そしてこのコンサート終盤には「TOWN-0, PHASE-5」が演奏されるに至って初めてここでワシは、

「あ!このコンサートはPhononシリーズの一環だったんだ!?」と気がついたのです(平沢進は自らが考案したインタラクティブライブとインタラクティブではない通常のライブシリーズPhononを並行して執り行っている)

 

レルレさんのドラムが入ることで、エレクトリックな楽曲たちに新しい息吹が加えられていきます。

生命力が宿ると言うか、生き生きと飛び跳ねて活力に満ちた印象になるのがすごく聞いてて楽しくて、満たされましたねえ。

フジロックもこのメンバーで参加するわけですし、もしかしたらしばらくはこの形態で活動を続けるのかもしれませんね。

若いドラマーが入ることですごくプラスの化学変化が起きたように思います。

 

最後に披露された新曲もとても若々しいと言うか、若い人を励ますような曲に感じました。

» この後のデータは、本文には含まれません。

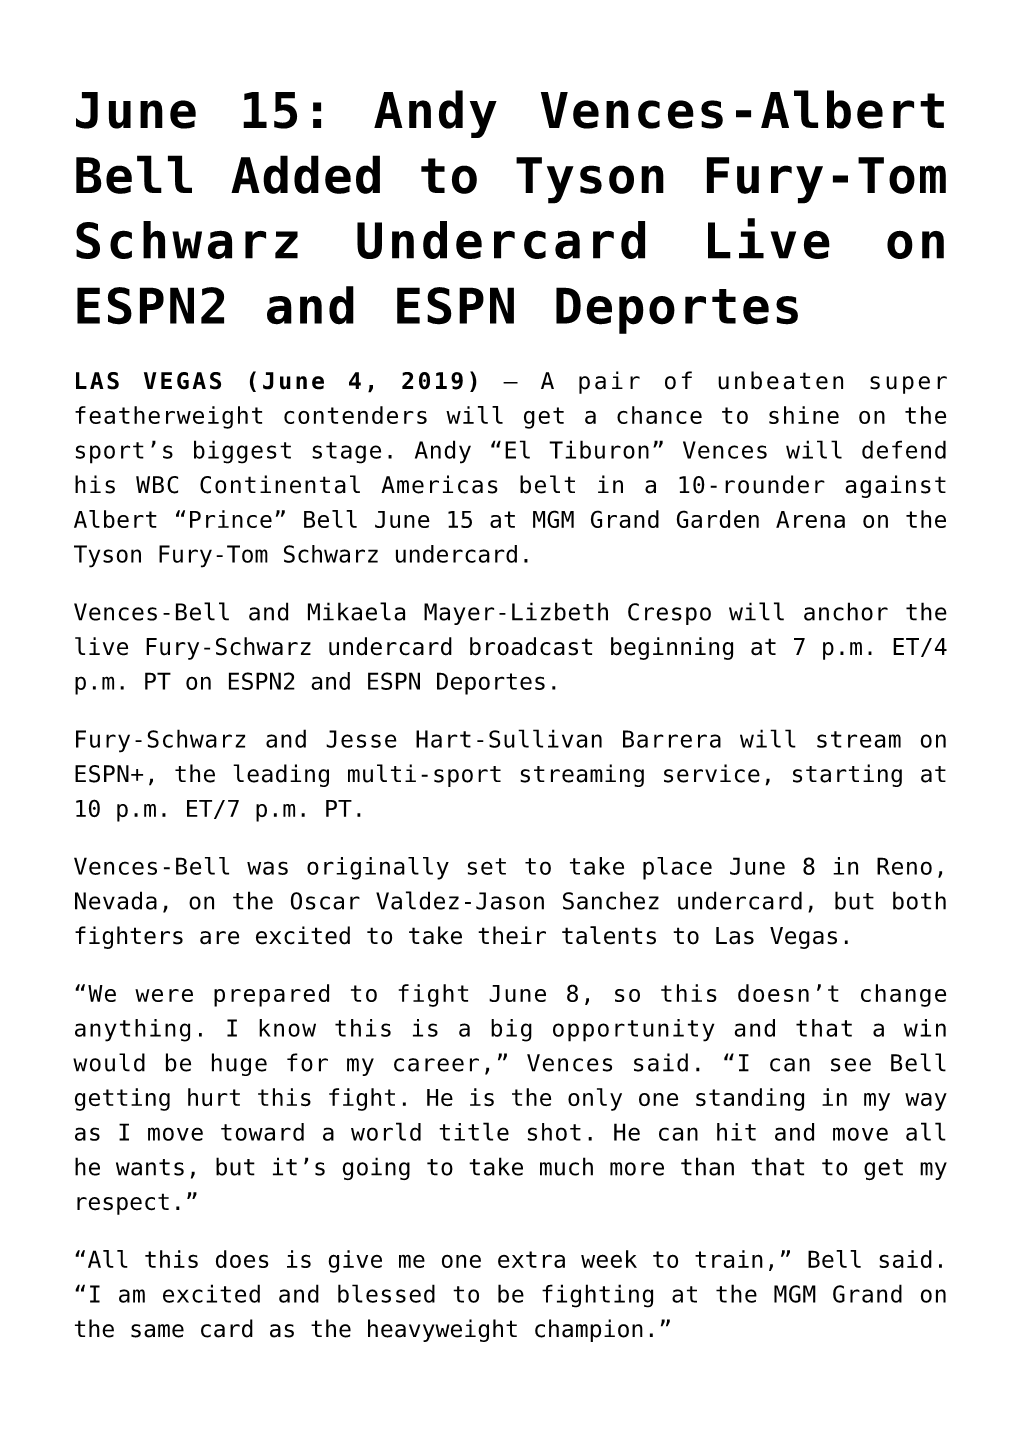 June 15: Andy Vences-Albert Bell Added to Tyson Fury-Tom Schwarz Undercard Live on ESPN2 and ESPN Deportes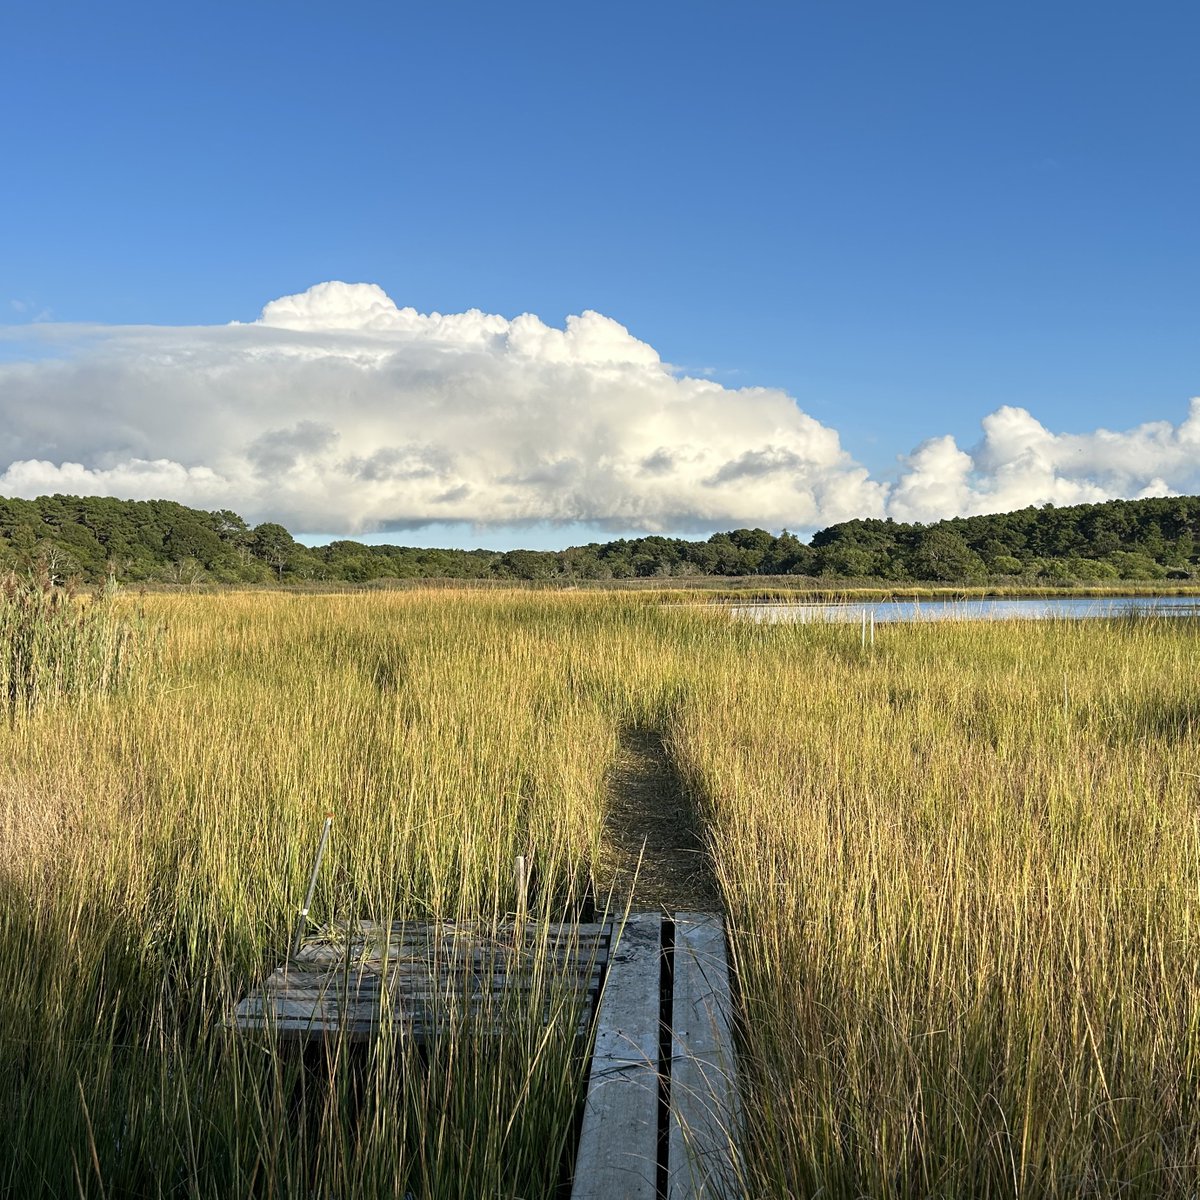 Wetlands may be less extensive than other ecosystems in the U.S., such as forests and grasslands, but they can capture and store more carbon per unit area, making them an incredible climate change mitigation tool. Learn more: ow.ly/jqo050Rf1E7

「ステルスも新しいフェーズに入ったのかな」と思わせるものでした。

いよいよ近日中に発表されるであろう新譜への期待が高まりました。

 

会場も演奏内容も素晴らしかった。こんな一生残るような素敵な経験をさせてもらって、ステルスには感謝しかございません。

こんな戒厳令下みたいな大阪で素晴らしいコンサートをやってくれた。それだけで歴史に残る偉業ですよ。

ワクチンがまだ行き渡らない世の中で、いかにしてコロナと共存しつつ経済を回すのか。その一つの答えがここにありました。

観客も素晴らしかった、言いつけを守って口を最後までつぐみ続けたったの一声すら発しなかったのですから。

素敵な夜を本当にありがとう。演者スタッフ関係者、観客、みなさんに感謝感謝。